I wonder if this is an artifact of the way videos are generated. Is the model separating scene geometry from camera? Maybe some sort of video-NeRF or Gaussian Splatting under the hood?

ethbr1 · 2 years ago

Curious about what current SotA is on physics-infusing generation. Anyone have paper links?

OpenAi has a few details:

>> The current model has weaknesses. It may struggle with accurately simulating the physics of a complex scene, and may not understand specific instances of cause and effect. For example, a person might take a bite out of a cookie, but afterward, the cookie may not have a bite mark.

>> Similar to GPT models, Sora uses a transformer architecture, unlocking superior scaling performance.

>> We represent videos and images as collections of smaller units of data called patches, each of which is akin to a token in GPT. By unifying how we represent data, we can train diffusion transformers on a wider range of visual data than was possible before, spanning different durations, resolutions and aspect ratios.

>> Sora builds on past research in DALL·E and GPT models. It uses the recaptioning technique from DALL·E 3, which involves generating highly descriptive captions for the visual training data. As a result, the model is able to follow the user’s text instructions in the generated video more faithfully.

The implied facts that it understands physics of simple scenes and any instances of cause and effect are impressive!

Although I assume that's been SotA-possible for awhile, and I just hadn't heard?

msoad · 2 years ago

On the announcement page, it specifically says Sora does not understand physics

nuz · 2 years ago

I saw similar artifacts in dalle-1 a lot (as if the image was pasted onto geometry). Definitely wouldn't surprise me if they use synthetic rasterized data to in the training, which could totally create artifacts like this.

thomastjeffery · 2 years ago

The model is essentially doing nothing but dreaming.

I suspect that anything that looks like familiar 3D-rendering limitations is probably a result of the training dataset simply containing a lot of actual 3D-rendered content.
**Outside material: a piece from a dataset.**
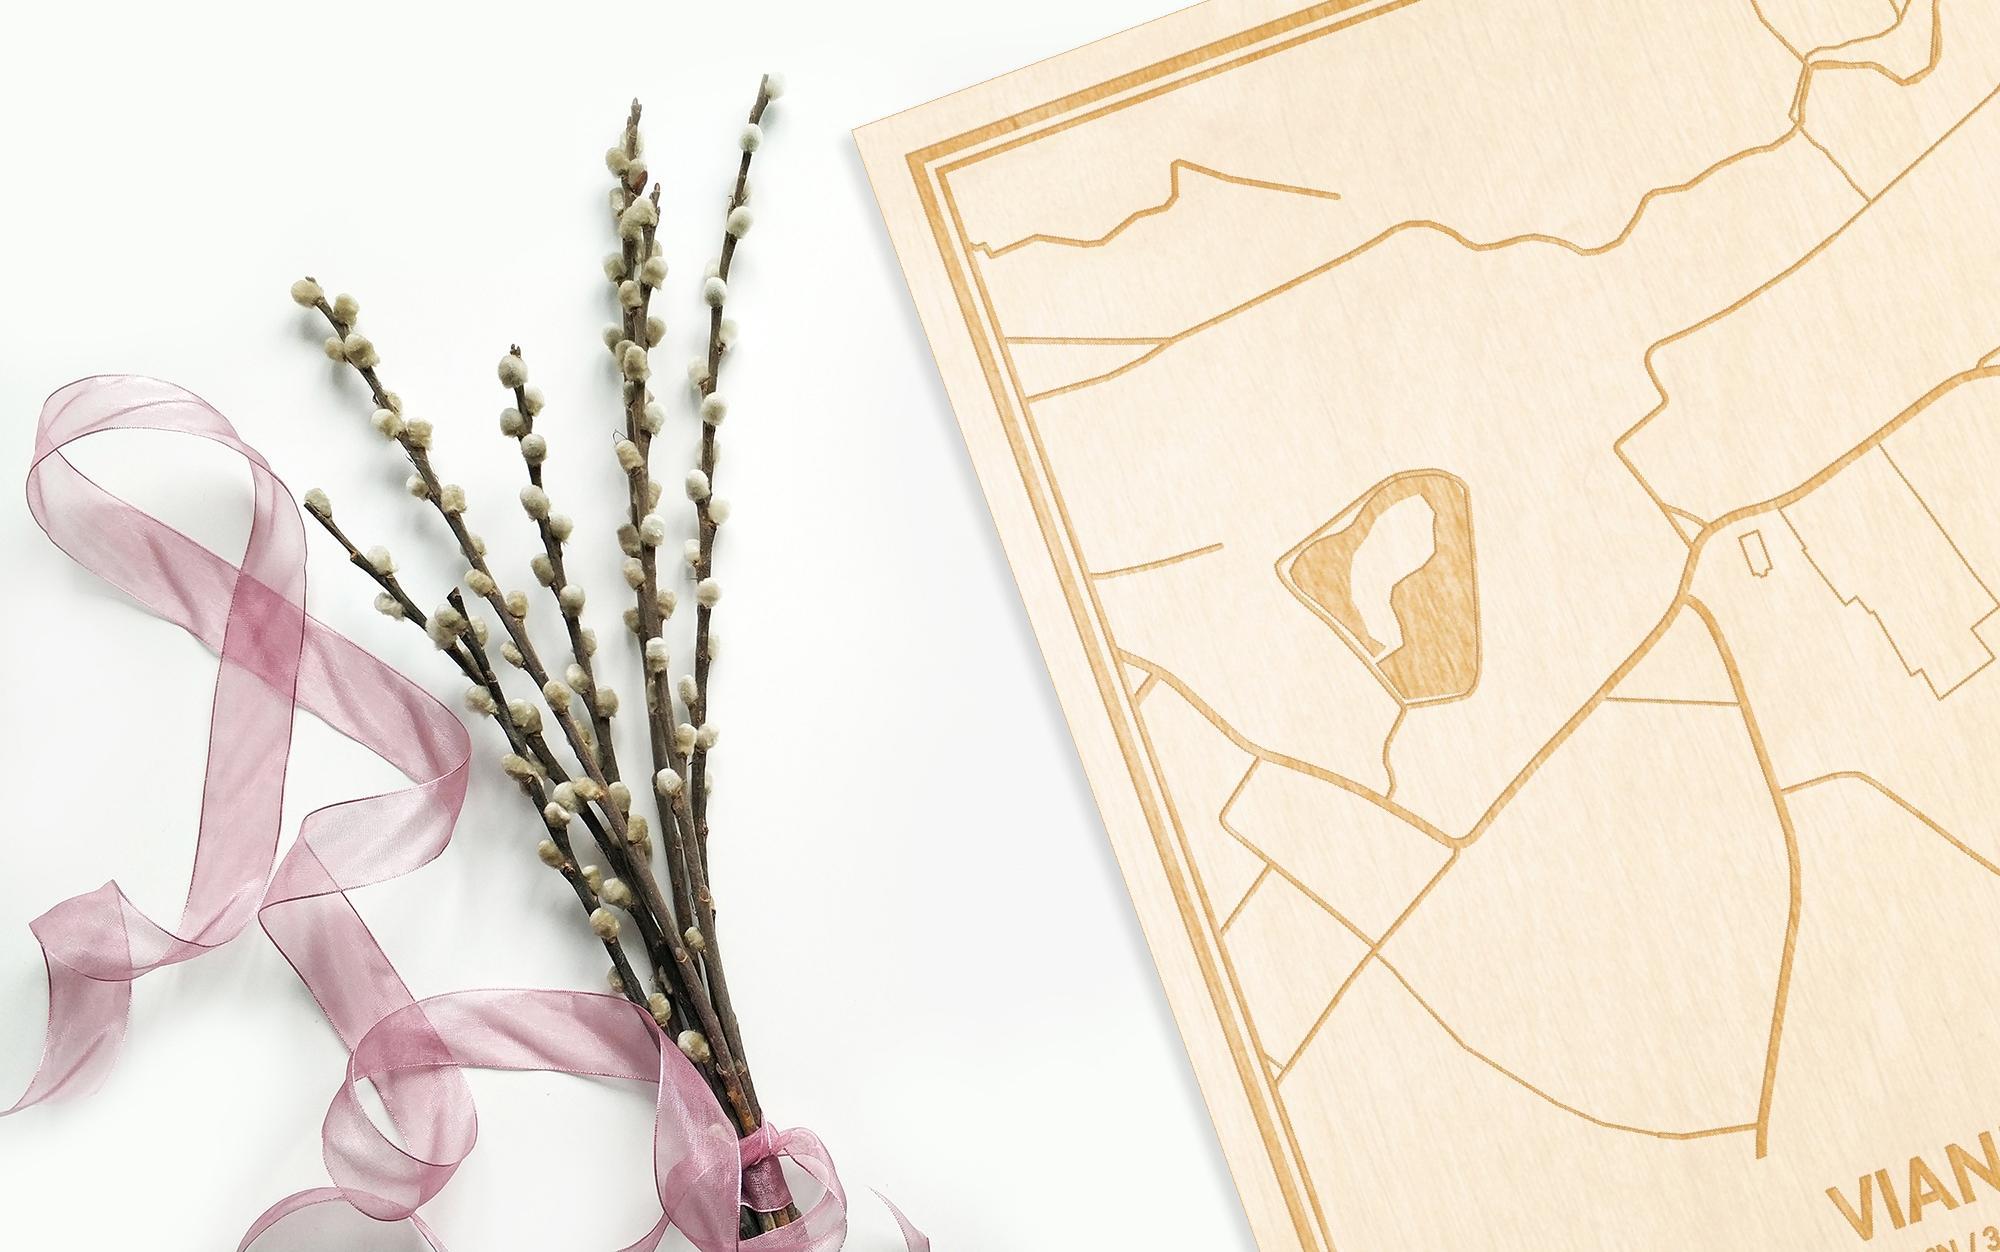 Hier ligt de houten plattegrond Viane naast een bloemetje als gepersonaliseerd cadeau voor haar.

We can't tell a model to dream everything except extra fingers, false perspective, and 3D-rendering compromises.

makin · 2 years ago

Technically we can, that's what negative prompting[1] is about. For whatever reason, OpenAI has never exposed this capability in its image models, so it remains an open source exclusive.

[1] https://stable-diffusion-art.com/how-to-use-negative-prompts...

spyder · 2 years ago

It's possible it was pre-trained on 3D renderings first, because it's easy to get almost infinite synthetic data that way, and after that they continued the training on real videos.

iandanforth · 2 years ago

In the car driving on the mountain road video you can see level-of-detail popping artifacts being reproduced, so I think that's a fair guess.

burkaman · 2 years ago

Maybe it was trained on a bunch of 3d Google Earth videos.
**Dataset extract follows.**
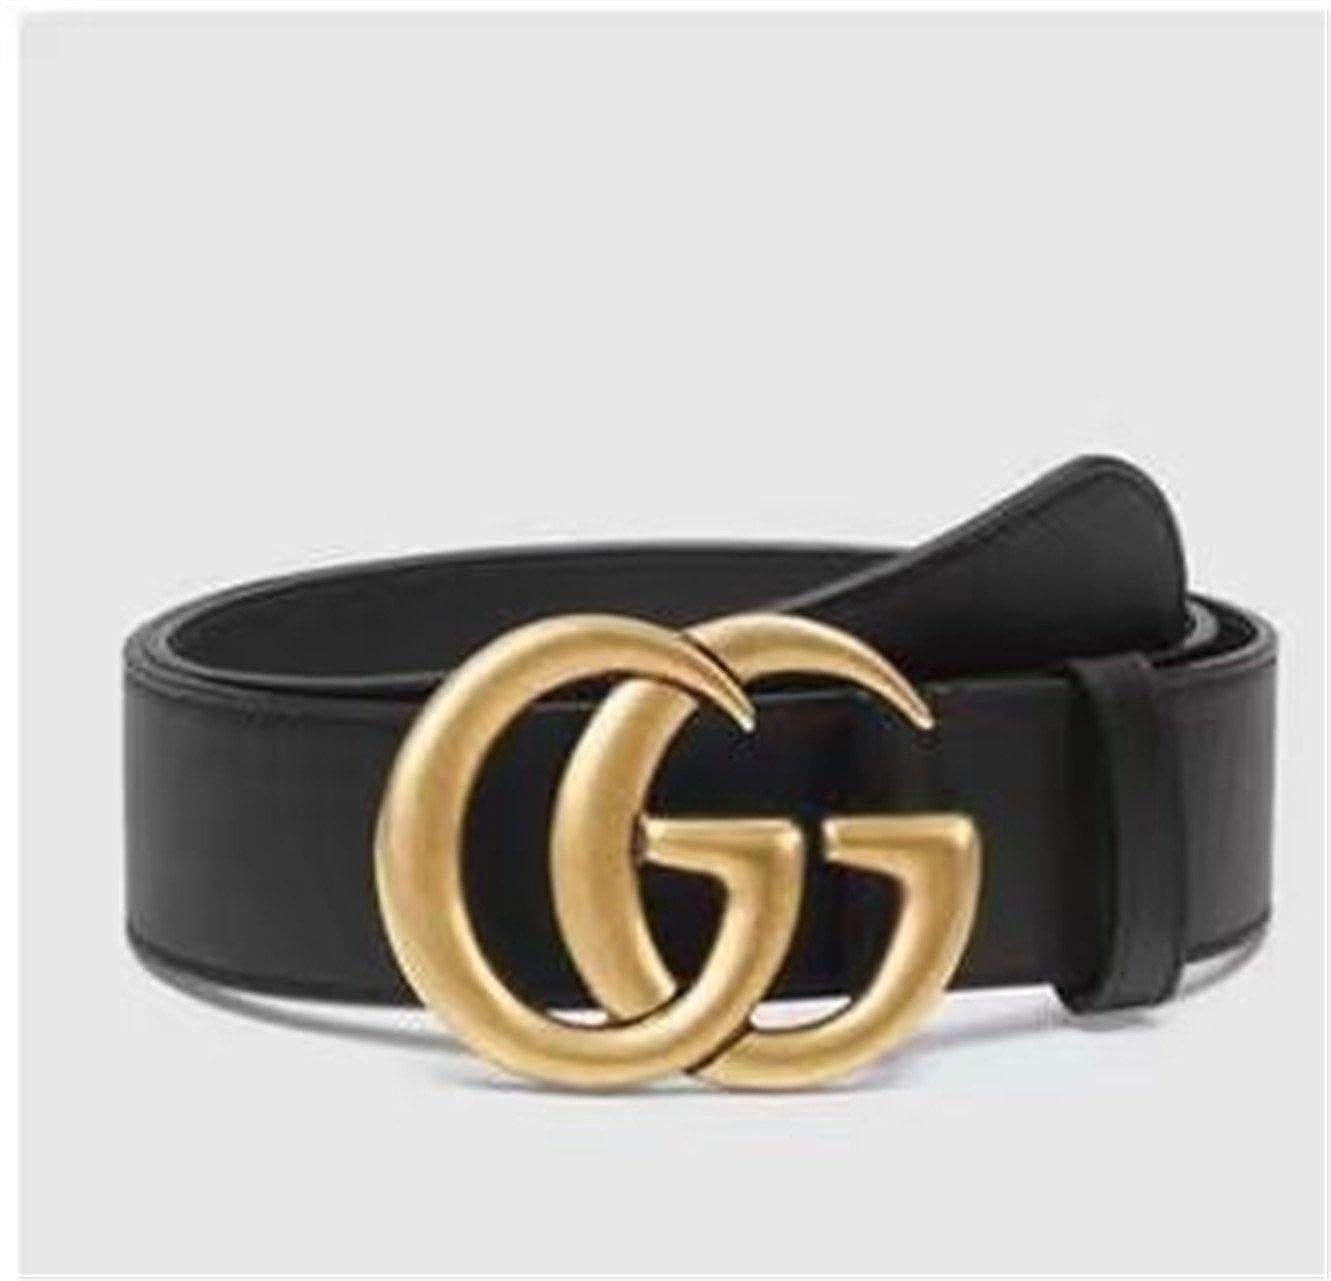 164ef639c4c2 Original authentique boutique de mode double GG or boucle hommes femmes  ceinture (W 1-34

downWidOutaFite · 2 years ago

Doesn't look flat to me.

Edit: Here[0] I highlighted a groove in the bushes moving with perfect perspective

[0] https://ibb.co/Y7WFW39

internetter · 2 years ago

Look in the top left corner, on the plane

montag · 2 years ago

My vote is yes - some sort of intermediate representation is involved. It just seems unbelievable that it's end-to-end with 2D frames...

cush · 2 years ago

The water is on par with Avatar. Looks perfect

Wow, yeah I didn't notice it at first, but looking at the rocks in the background is actually nauseating

jquery · 2 years ago

It looks perfect to me. That's exactly how the area looks in person.